Participants will have 8 weeks to review the 50 spirometry traces; reminders will be sent at weeks 3, 6 and 7 to those who have not completed their assessments (figure 2).

Figure 2
Figure 2

Study schedule. ARTP, Association for Respiratory Technology and Physiology; GP, general practitioner.

Intervention: AI spirometry software

The AI software was developed by ArtiQ (Leuven, Belgium), and provides AI-supported quality assessment and interpretation guidance of spirometry sessions (online supplemental file). The quality assessment component leverages deep learning methods to perform the subjective assessment of spirometry quality assessment (ie, related to curve shape), as well as implementing the objective criteria from international guidance (ie, related to numeric criteria). The AI component of the software mimics the subjective visual inspection of data usually performed by technicians. Per session it provides an overall session quality grade according to ATS/ERS 2019 Spirometry Technical Statement (A–F) and calculates the best trial (spirometry trace) which should be considered for diagnostic interpretation. The model was trained based on spirometry measurements from the National Health and Nutritional Examination Survey (NHANES 2011–2012)12 and validated in clinical trial settings.14

The spirometry interpretation component is a decision support software focusing on the diagnostic interpretation of spirometry sessions. It provides support in pattern interpretation according to international interpretation guidelines (ie, normal, obstructive and/or restrictive)15 and a disease probability. The disease probability model was originally trained to distinguish eight of the most common categories (seven diseases+normal lung function) detectable with full pulmonary function testing.13 For use in primary care settings, the model has been adapted to identify six categories—asthma, COPD, ILD, normal lung function, other obstructive disease (such as cystic fibrosis and bronchiectasis) and other unidentifiable disease—solely based on spirometry using the same training set. The rationale for reducing the number of categories to identify is based on the reduced lung function dataset available when working in a primary care environment compared with a hospital-based pulmonary function testing laboratory. The categories selected are those most commonly found in primary care, with spirometry testing indicated mainly in COPD and asthma diagnosis.

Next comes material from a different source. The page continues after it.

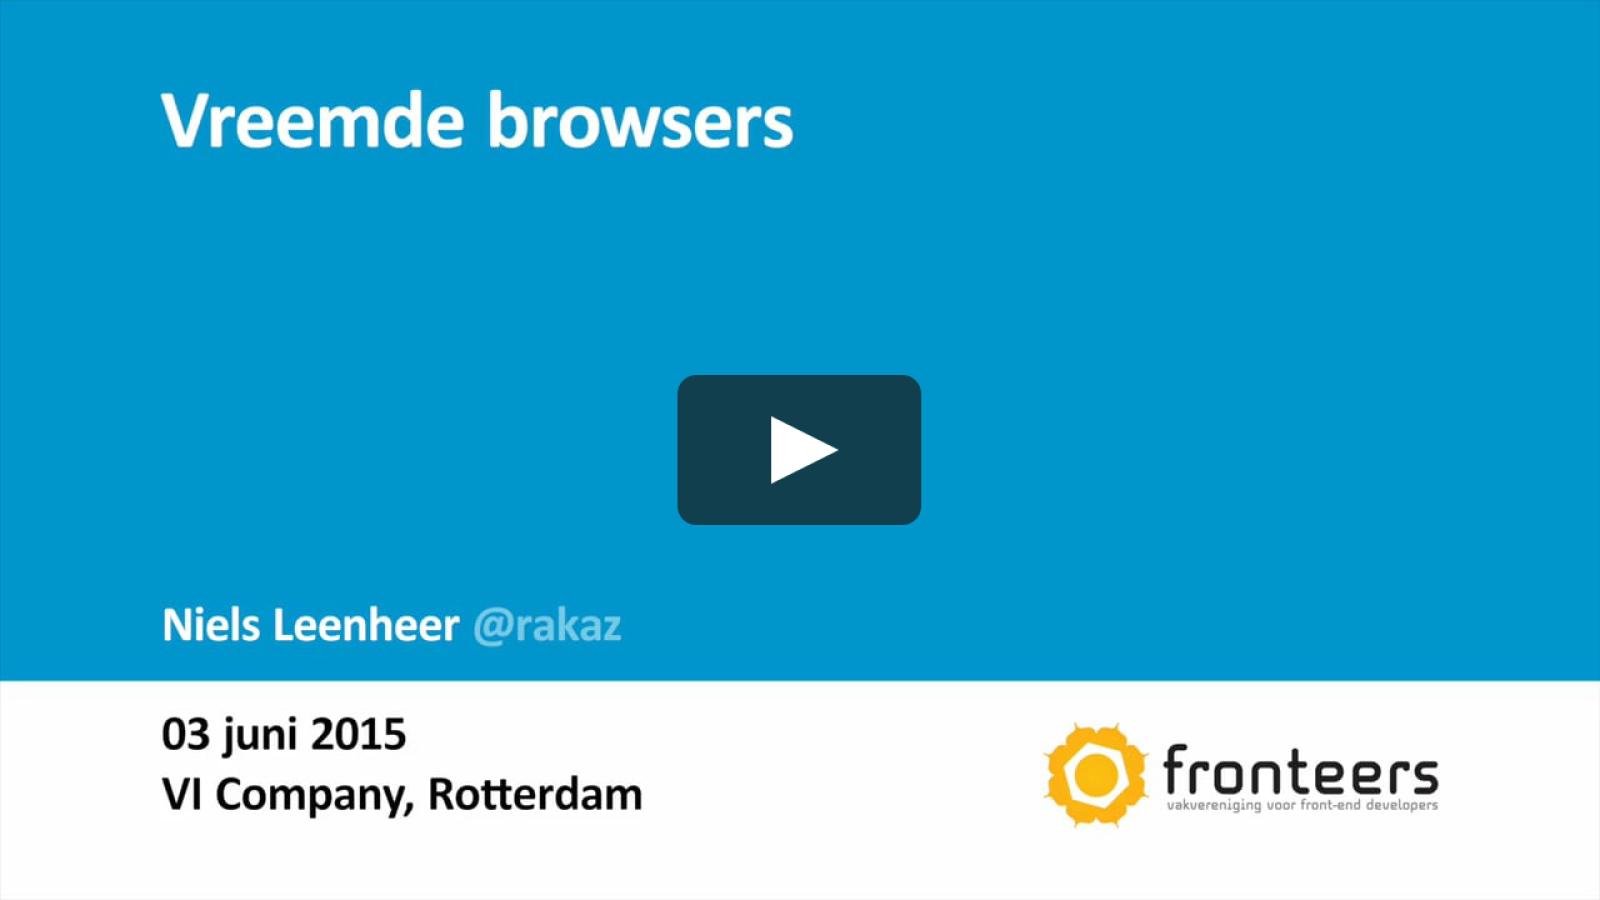 Vreemde Browsers

When the quality model identifies the data quality of the spirometry session to be poor (ie, quality of FEV1 and/or FVC is not A or B according to ATS/ERS 2019 guidelines), the following disclaimer is added to the interpretation report: ‘Data quality is not sufficient. Interpretation above might not represent the patient’s lung function’. Participants will still be asked for a diagnosis and spirometry interpretation despite the bad quality.

Reference standard

Reference standards for diagnosis for the 50 spirometry traces were defined before commencement of the trial, by two pulmonologists. Primary and secondary care medical records were reviewed independently by two pulmonologists from the RBHH, UK. The diagnostic reference standard was attributed to one of six categories (COPD, asthma, ILD, other obstructive disease, normal, other) by each pulmonologist. In participants with multiple respiratory diagnoses (eg, COPD and ILD), the pulmonologist was asked to choose, to the best of their abilities, the predominant category. If consensus could not be reached between the two pulmonologists, these cases and their medical records were reviewed by a third pulmonologist to adjudicate independently. All pulmonologists (SSK, WD-CM, NSH) were accredited specialists in respiratory medicine with a minimum of 8 years as a consultant in the National Health Service, with expertise in the diagnosis and management of COPD and other chronic respiratory diseases. Pulmonologists had no access to the AI software reports, nor had any communication with the software engineer or software company.

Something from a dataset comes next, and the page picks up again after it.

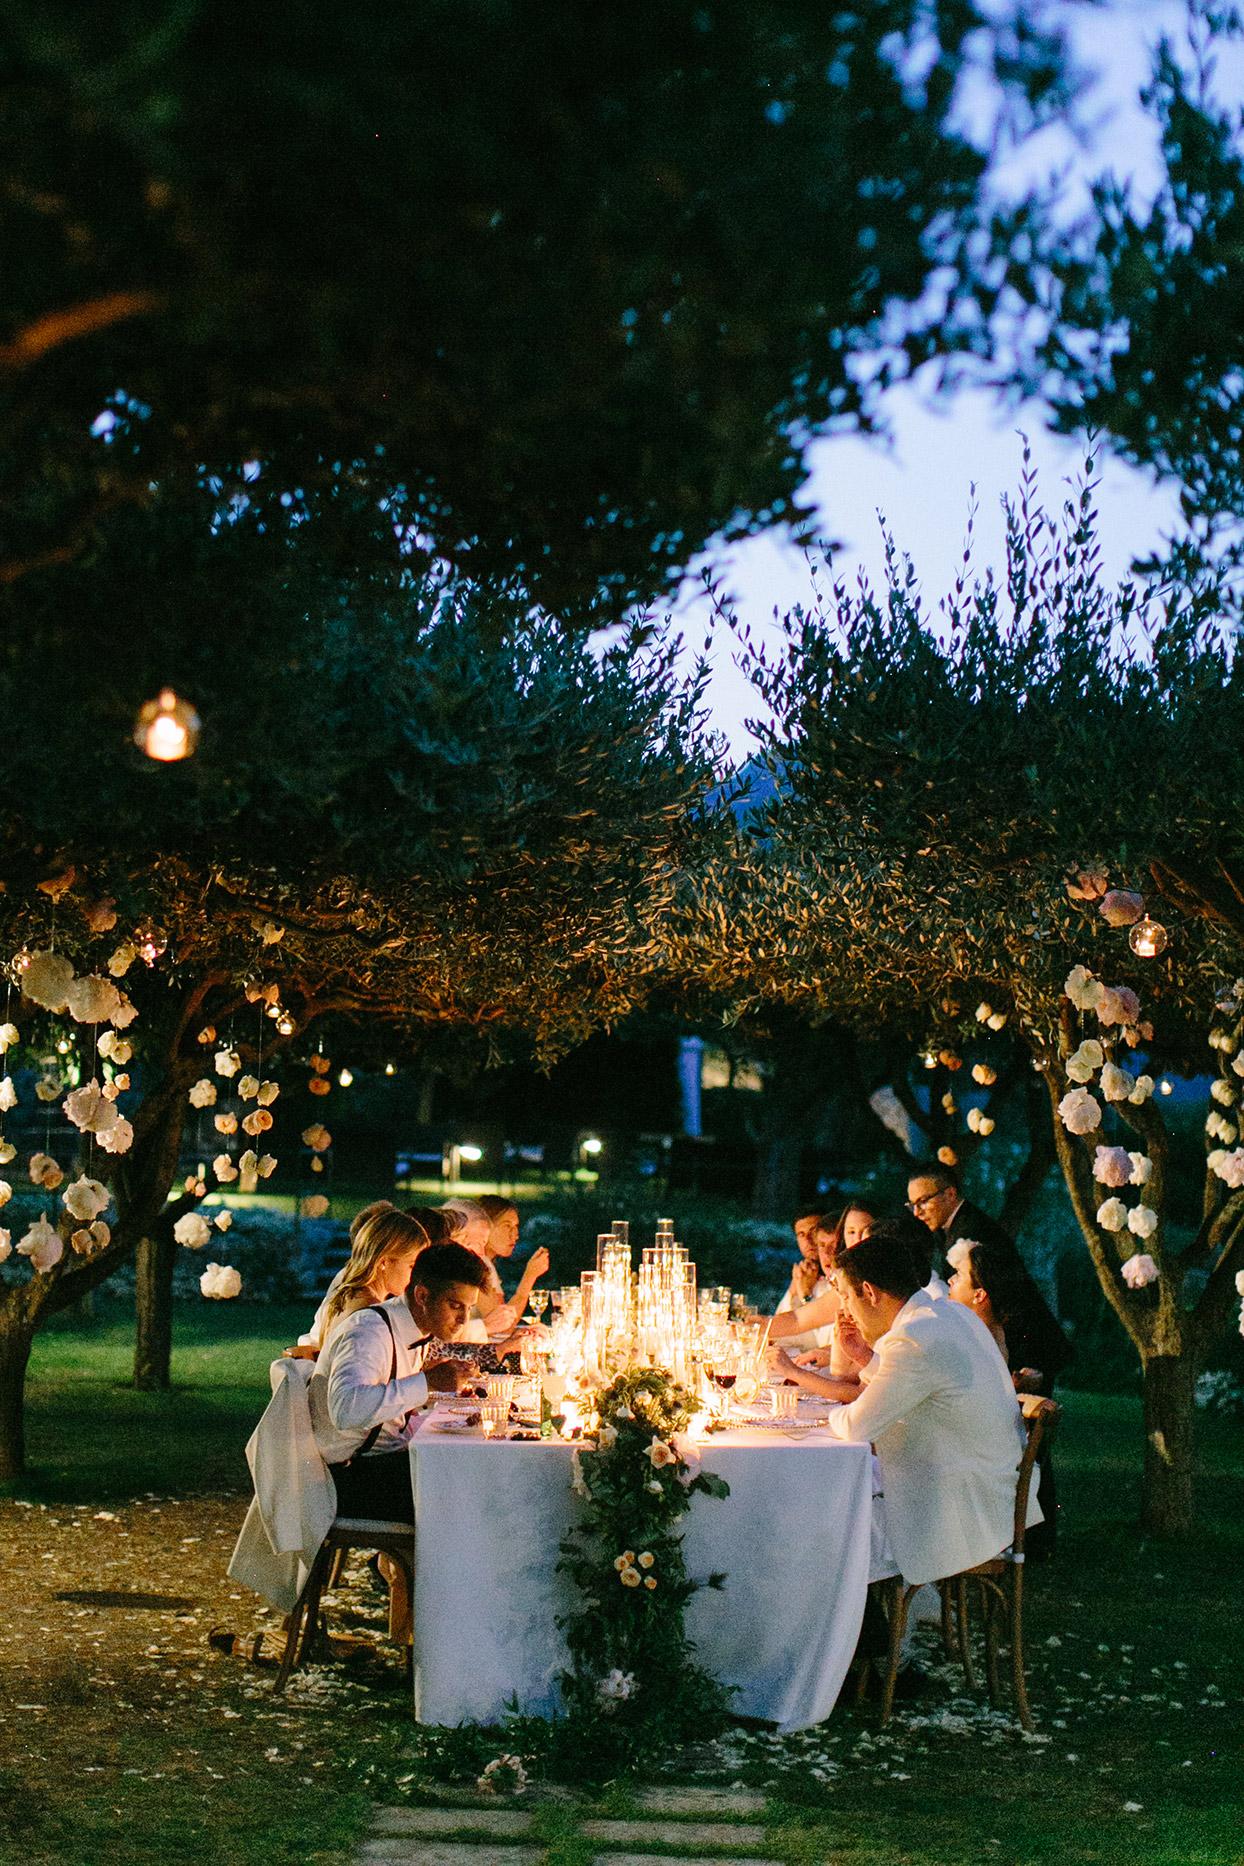 jacqueline david wedding intimate candle lit dinner

Reference standards for the technical and pattern interpretation were completed by a respiratory physiologist (KPS) with 26 years experience. The respiratory physiologist was asked to rate the technical quality of the FEV1 and FVC using the categories acceptable (quality grade A and B ATS/ERS 2019 guidelines) or not acceptable (quality grade C, D, E, F, U).15 For pattern interpretation of the spirometry, the respiratory physiologist was asked to choose from the following four categories: normal, airflow obstruction, possible restriction or non-specific pattern, possible mixed disorder.

All pulmonologists and respiratory physiologist were blinded to AI software reports.

Study outcomes

The primary endpoint for a primary care clinician participant is the performance of their preferred diagnosis, defined to be the number of correct cases identified expressed as a percentage out of the total number of spirometry records. A correct case is where the participant’s preferred diagnosis matches the reference final diagnosis (described earlier). The secondary endpoints, expressed per participant are listed in table 1.

Table 1

Secondary endpoints

Sample size calculation

The sample size calculation was informed by previous feasibility data from 30 primary care practitioners assessing five spirometry traces. The preferred diagnosis matched the reference diagnosis in a mean (SD) of 55% (19%) of spirometry records. We have assumed the same SD of 19%, which is conservative because more cases will be assessed per practitioner, leading to less variable practitioner rates. As the calculation involves conservative assumptions, the power was set below 90%, to be 85%. With 132 participants (66 per group) this allows for detection of a 10% difference (a mean of 5 extra cases in 50) in the rate of cases correctly identified to match the reference standard (mean 65% vs mean 55%) using an unpaired t-test at the two-sided 5% significance level.

The recruitment target was originally estimated at 156 practitioners to allow for an estimated 15% drop out. However, a preliminary analysis of completion rate of the first 50 recruited participants demonstrated that 29 of the 50 participants scored all 50 spirometry records within the 8-week study period (58% completion). Based on this data, the study statistician advised increasing the recruitment target to 228 to account for 42% non-completion (see the Amendment section).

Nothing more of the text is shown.